ANGLICO’s specialize in combined arms, fire support and communications capabilities in support of planning, coordinating and conducting terminal control of fires. Modern day ANGLICOs were created using Joint Assault Signals Company capabilities as a baseline concept.
U.S. Marine Corps joint terminal attack controllers with 1st Air Naval Gunfire Liaison Company (ANGLICO), I Marine Expeditionary Force Information Group, observe an impact area during close air support training at Saylor Creek Bombing Range, Idaho on April 30, 2021. 1st ANGLICO conducted joint close air support training with the 124th Fighter Wing, Idaho Air National Guard in support of Nomad Mountain Home 21.3. This training provides opportunities for Marines to increase their proficiency and lethality with close air support coordination' while operating in a field environment. (U.S. Marine Corps photo by Cpl. Andrew Skiver)
"The JASCO units were famously used for adjusting artillery fire in support of ground force. This is where the concept of ANGLICO and the JFO comes from," said Phillips.
With the reorganization of the U.S. Armed Forces in 1947 the JASCO units were disbanded and their responsibilities were transferred to the U.S. Navy. On March 1, 1951 the newly formed ANGLICO was officially activated, reforming the capabilities of JASCO into a more advanced and lethal warfighting capability.
In May of 1965 1st ANGLICO created Subunit One, the first unit to arrive in Vietnam to conduct traditional JASCO tasks with the inclusion of close air support, while being continuously deployed for eight years.
"Subunit One conducted joint fires in all four tactical zones and provided naval gunfire and CAS in support of all allied forces in Vietnam," said Phillips. "Subunit One was the last Fleet Marine Force unit to stand down from the Vietnam War. The unit made such a vast impact during this time that the Marine Corps implemented new training to improve upon their CAS capabilities."

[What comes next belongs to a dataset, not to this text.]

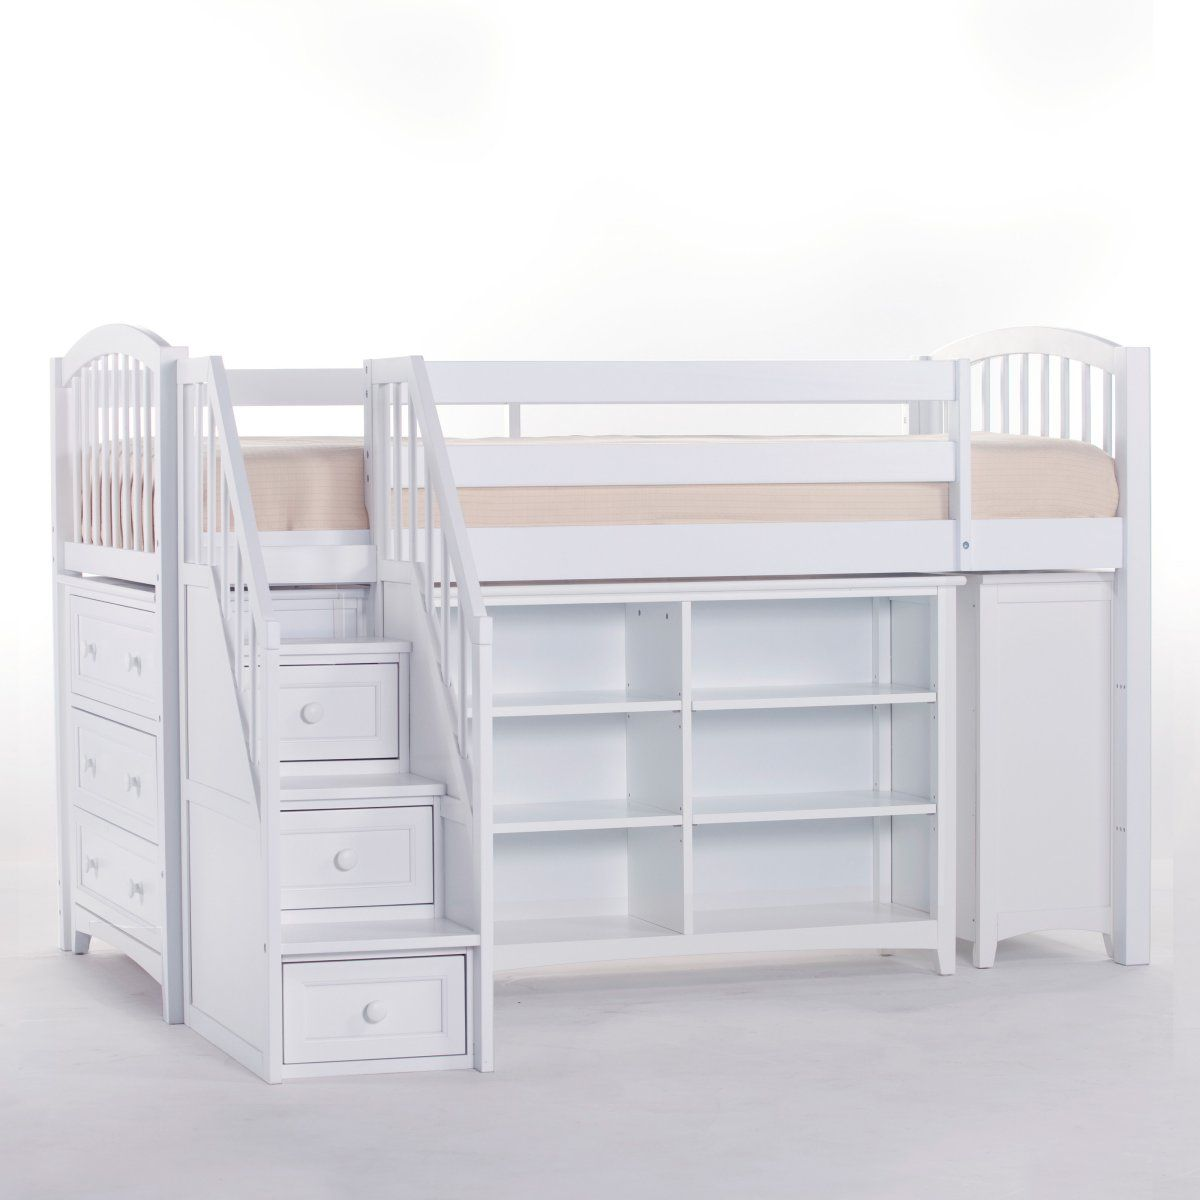 School House Storage Junior Loft With Stairs White Loft Beds

In the late 1970's, 2nd ANGLICO began experimenting with the concept of the universal spotter. The universal spotter is a Marine who is trained to coordinate and control fires from artillery, naval gunfire and CAS.

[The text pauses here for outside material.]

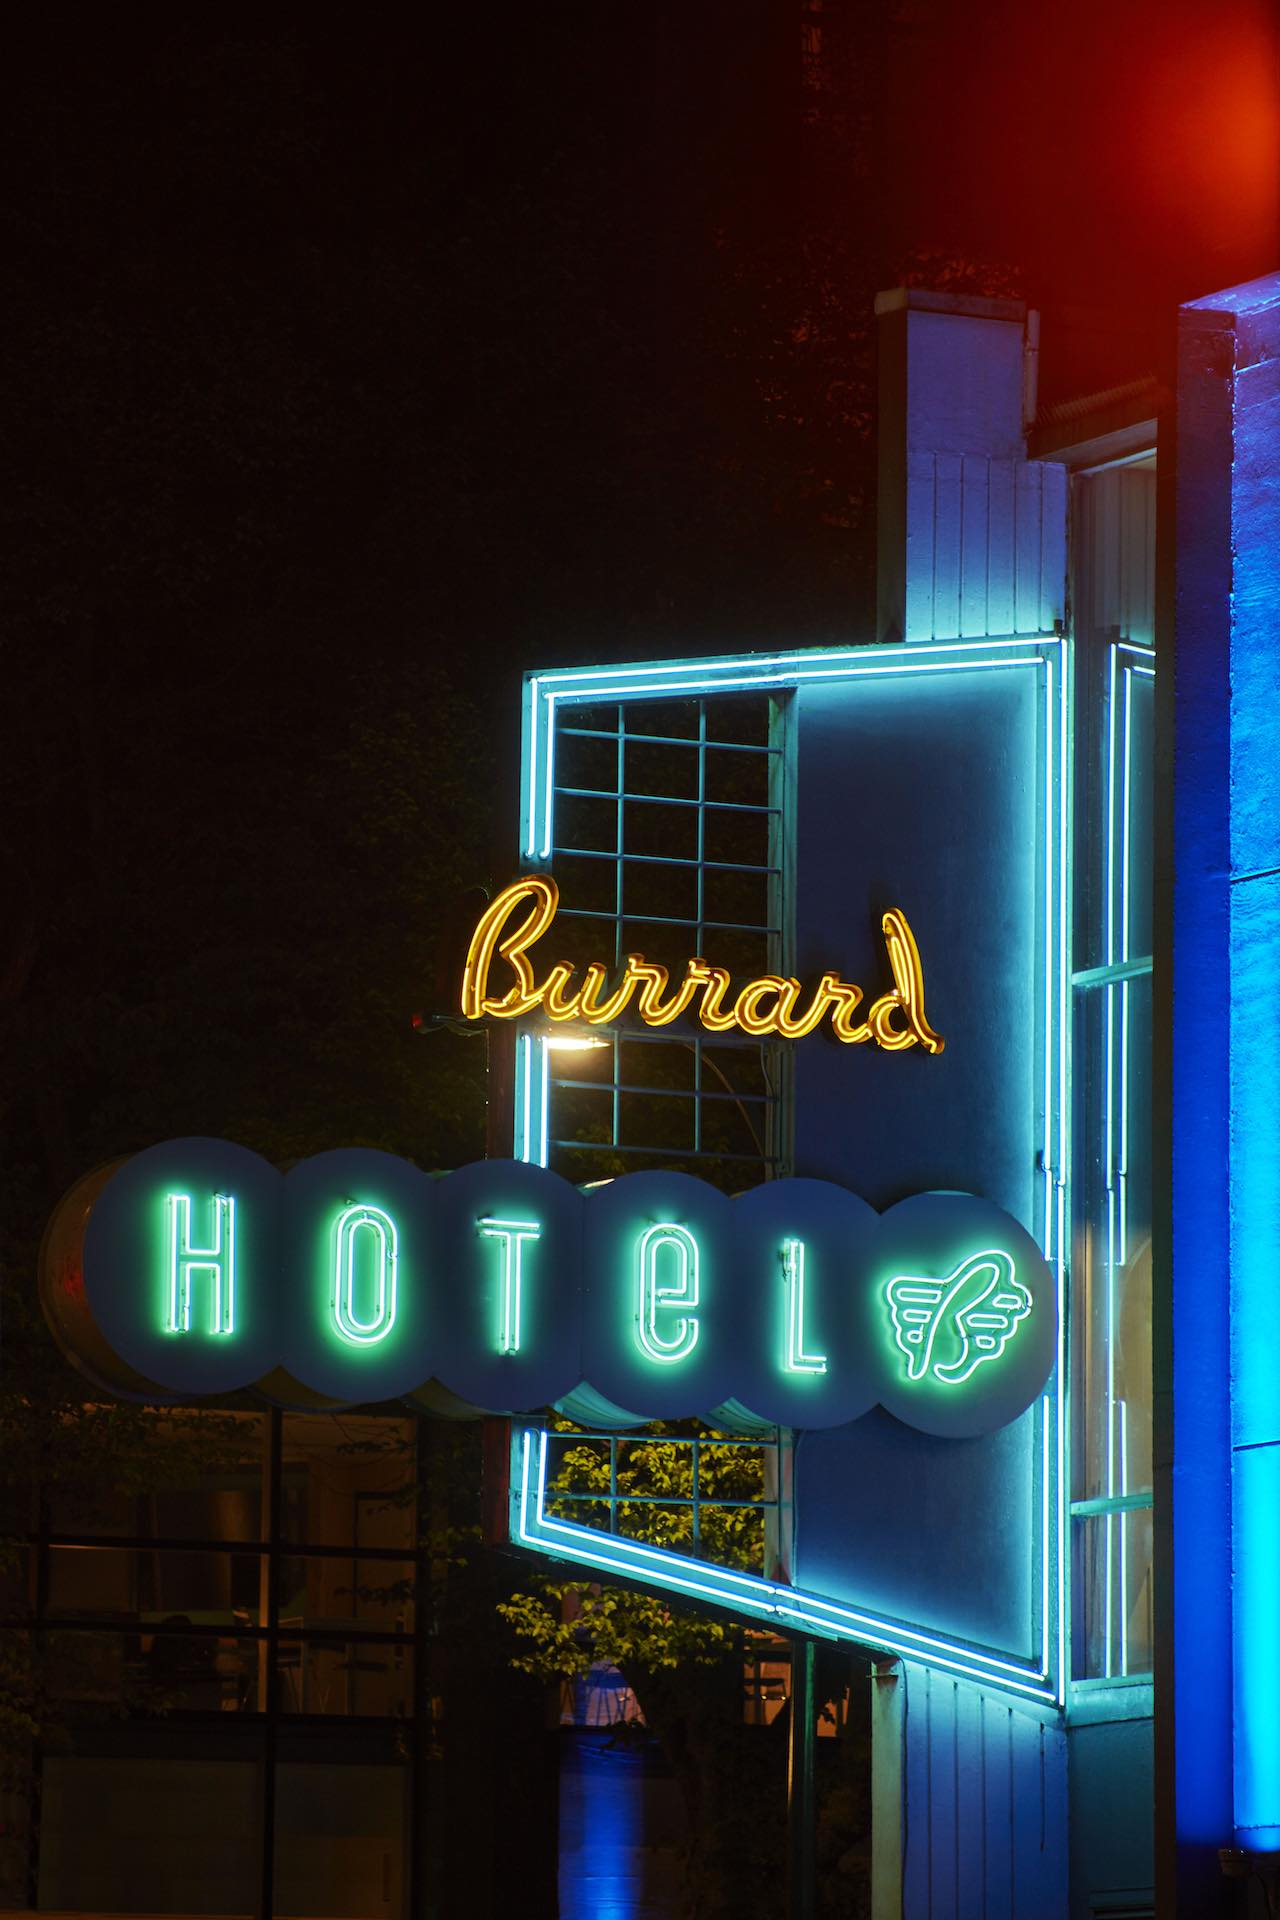 The Burrard Vancouver

"Previously these jobs were done independently and limited what an individual Marine could do on the battlefield," said Phillips. "This experimental concept also streamlined the process making it significantly more efficient."
Despite the successes of ANGLICO, the downsizing of the Marine Corps during the 1990s transferred responsibilities from ANGLICO to Marine Liaison Elements, lending to the disbanding of ANGLICO.
"After the 9/11 attacks all ANGLICO units were reinstated with the role of JFO reentering the modern battlefield," said Phillips. "During its reinstatement the Marine Corps decided to open the JFO certification to all ground combat military occupational specialties creating a more efficient way to call in CAS and artillery fire in support of ground forces. JFO's play a huge part in correlation on the battlefield making sure the CAS is on target and the pilots are seeing the same target as the JFO's, streamlining the approval process for CAS.”
The future capabilities of the JFO are ever changing, but adaptability is on the forefront of any modern battlefield.
"With the introduction of drone pilots to the JFO certification process there may be a day in the near future where a drone pilot can identify their own targets and call for joint fires from across the world without having to deploy troops," said Phillips.